[Bug 1976285] Re: SNAT/DNAT - Traffic sent to LRP port recirculate until TTL=0 (drop recirc action)

Bug Watch Updater 1976285 at bugs.launchpad.net
Mon May 30 15:57:08 UTC 2022


** Changed in: openvswitch
       Status: Unknown => New

-- 
You received this bug notification because you are a member of Ubuntu
OpenStack, which is subscribed to ovn in Ubuntu.
https://bugs.launchpad.net/bugs/1976285

Title:
  SNAT/DNAT - Traffic sent to LRP port recirculate until TTL=0 (drop
  recirc action)

Status in openvswitch:
  New
Status in ovn package in Ubuntu:
  New

Bug description:
  Hey there,

  I'm looking through the docs quite extensively for references on how
  SNAT and DNAT flow work to try to understand the problem related to
  the issues reported in the links below:

  https://bugs.launchpad.net/ubuntu/+source/ovn/+bug/1967718
  https://mail.openvswitch.org/pipermail/ovs-dev/2021-August/386720.html

  I can see these same log messages "kernel: openvswitch: ovs-system:
  deferred action limit reached, drop recirc action" on gateway nodes in
  my OpenStack installation.

  The main problem is related to TCP/UDP traffic sent to the address of
  an LRP port that is not part of any SNAT/DNAT conversation, it will
  keep recirculating in the OVS data plane until TTL is 0.

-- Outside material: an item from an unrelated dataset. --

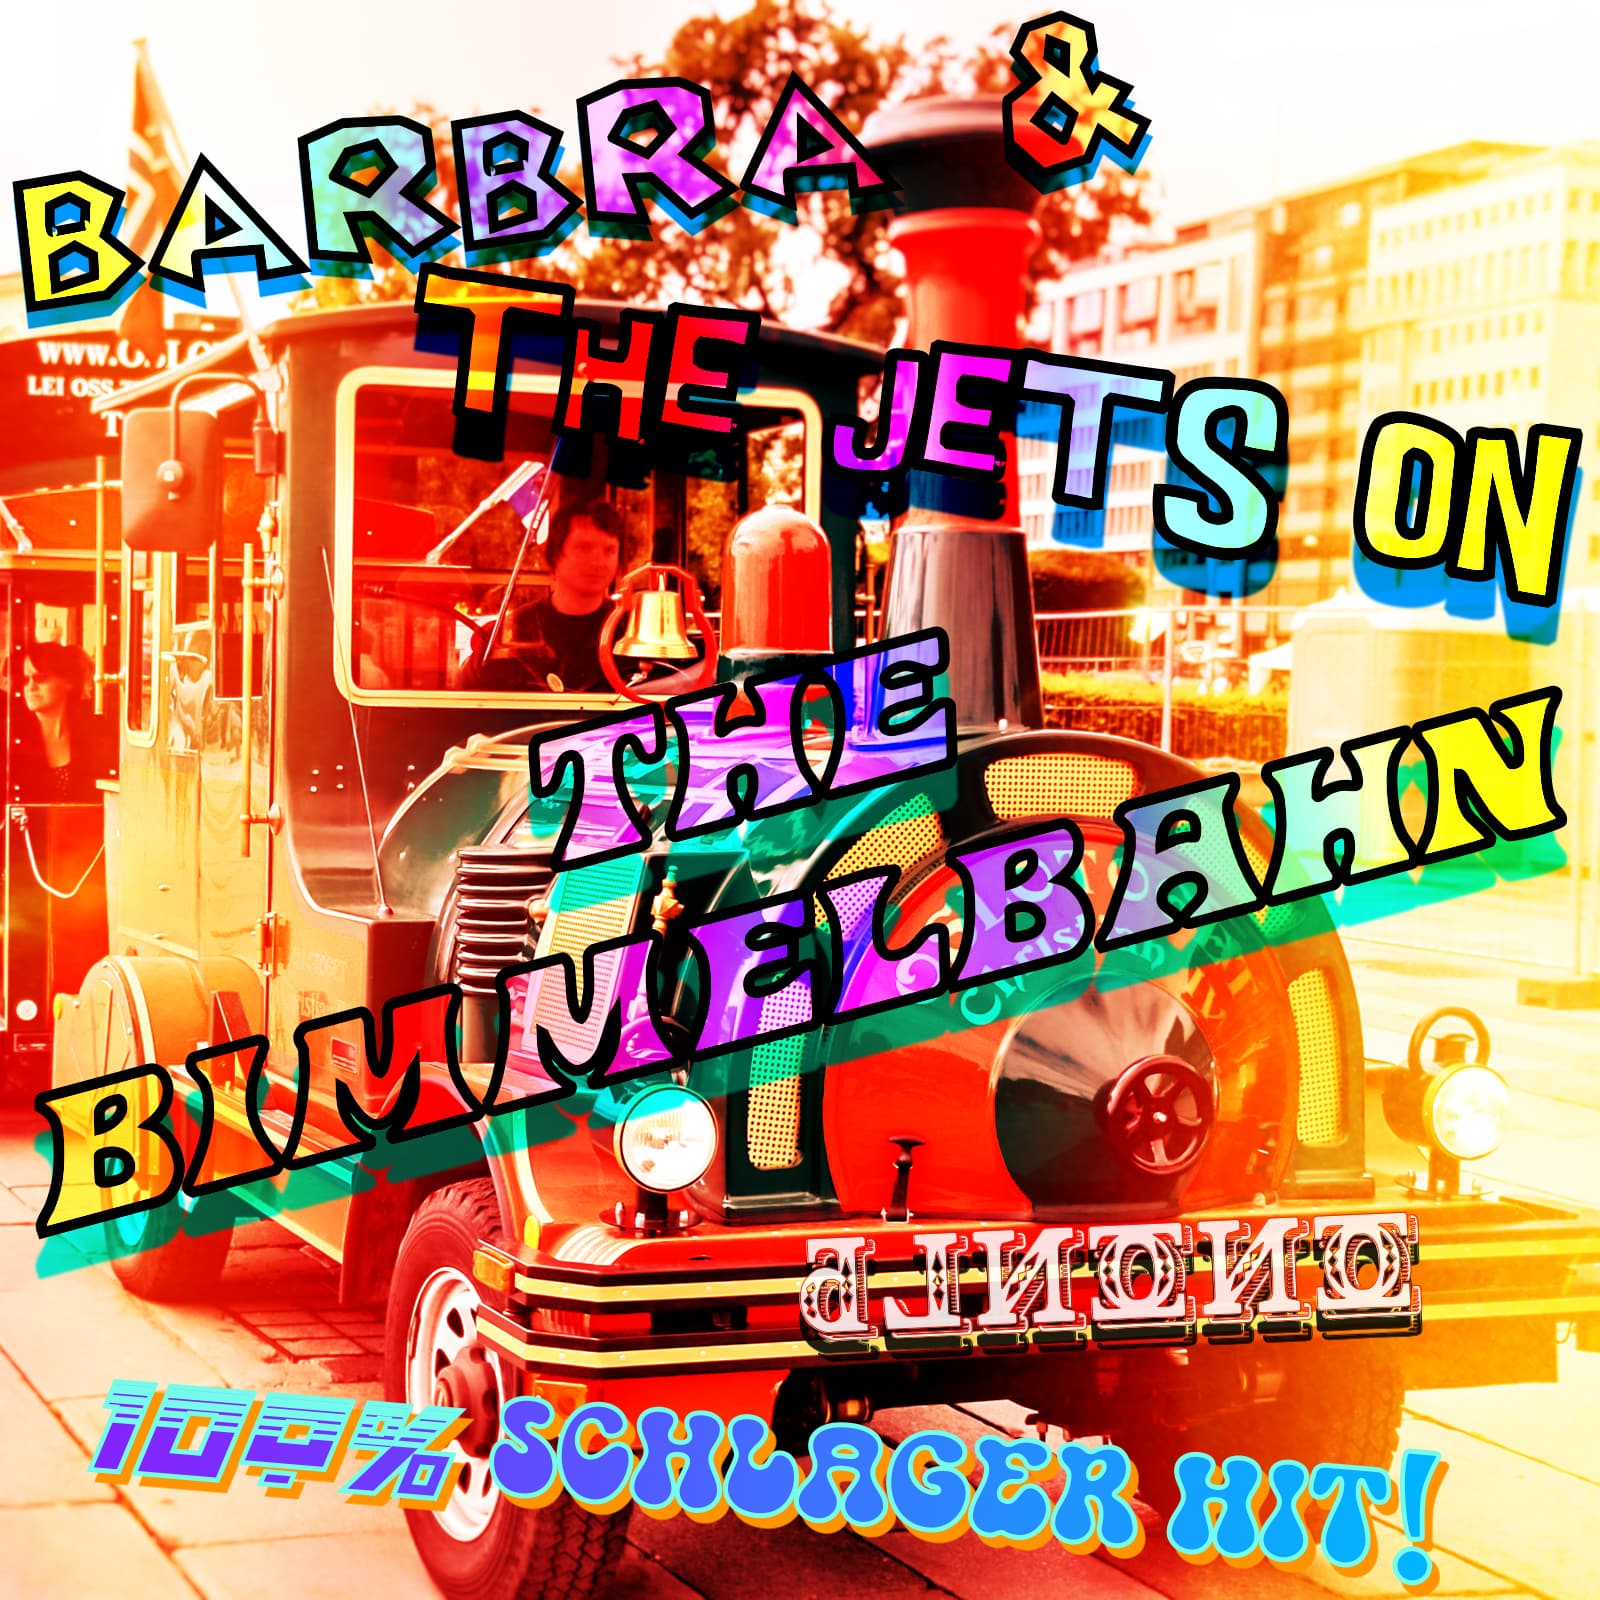 Barbra And The Jets On The Bimmelbahn (Elton John vs Buddy Poke vs Duck Sauce)
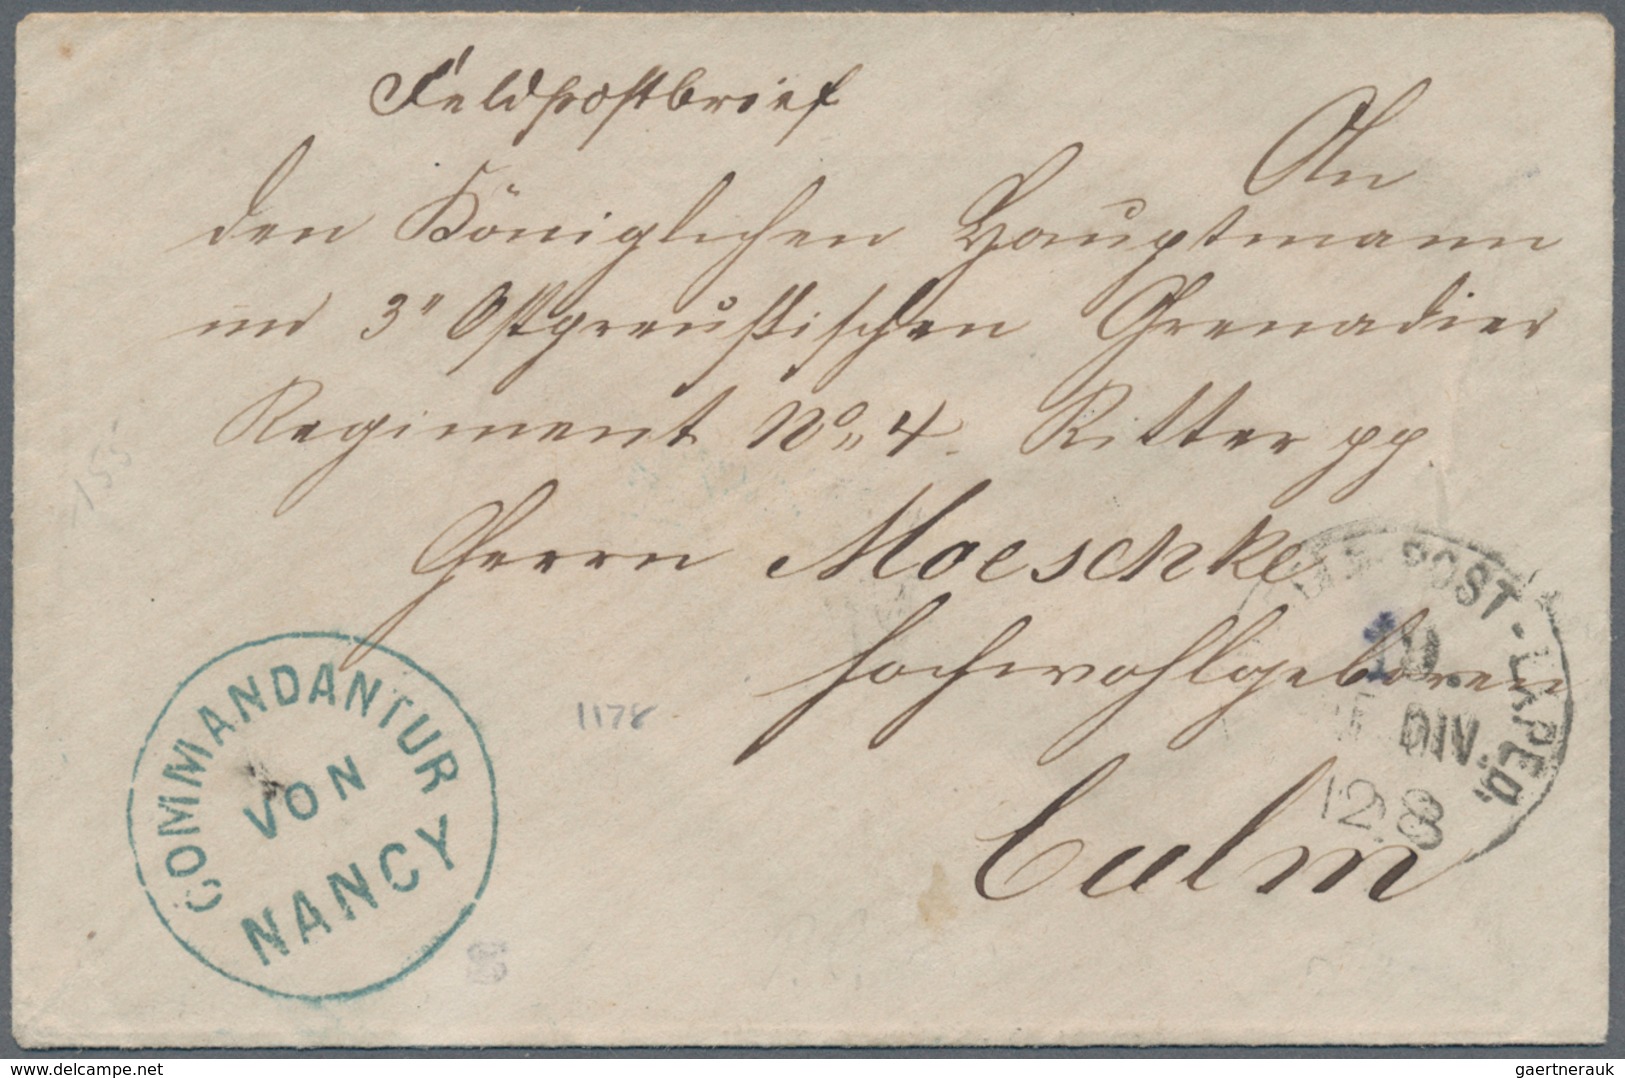 31398 Elsass-Lothringen - Marken und Briefe: 1870/1875, DEUTSCH-FRANZÖSISCHER KRIEG, vielseitige Zusammens

  The message is shown in the kernel log due to the size of the FIFO
  "DEFERRED_ACTION_FIFO_SIZE", but this is a consequence of the packets
  not matching the flow tables of the datapath. See kernel -
  net/openvswitch/actions.c

  I can reproduce on a local ovn/ovs installation building the ovn
  main/master branch and ovs submodule(github projetcs). This problem
  also occurs in all the latest released tags from OVN and OVS for
  Ubuntu 20.04 LTS.

  Basically, it only happens when there is a SNAT rule to translate an
  entire network (masquerade) and the return traffic does not have an
  open port. If a DNAT is used for a specific host (even if the ports
  have not been mapped, but if there is a 'host' to redirect the DNAT),
  the traffic is forwarded and is not sent via netlink through the
  slowpath until it is dropped.

  The patch proposed by Krzysztof Klimonda aims to modify the flow table
  via OVN communication - inserting a drp rule for traffic related to
  this issue. This patch was not accepted in the project, but it made me
  intrigued as to how to solve this problem (I can't just increase the
  kernel DEFERRED_ACTION_FIFO_SIZE). The proposed patch is very old and
  does not apply to the current code structure. I tried to adapt ovn-
  northd.c to the new northd/northd.c format and applied it to upstream,
  but the problem still occurs.
  ovn_upstream.txt[https://github.com/openvswitch/ovs-
  issues/files/8798982/ovn_upstream.txt]

  I believe the patch does not solve the problem because I keep seeing
  messages in the log.

  Do you have any ideas on how to solve this problem?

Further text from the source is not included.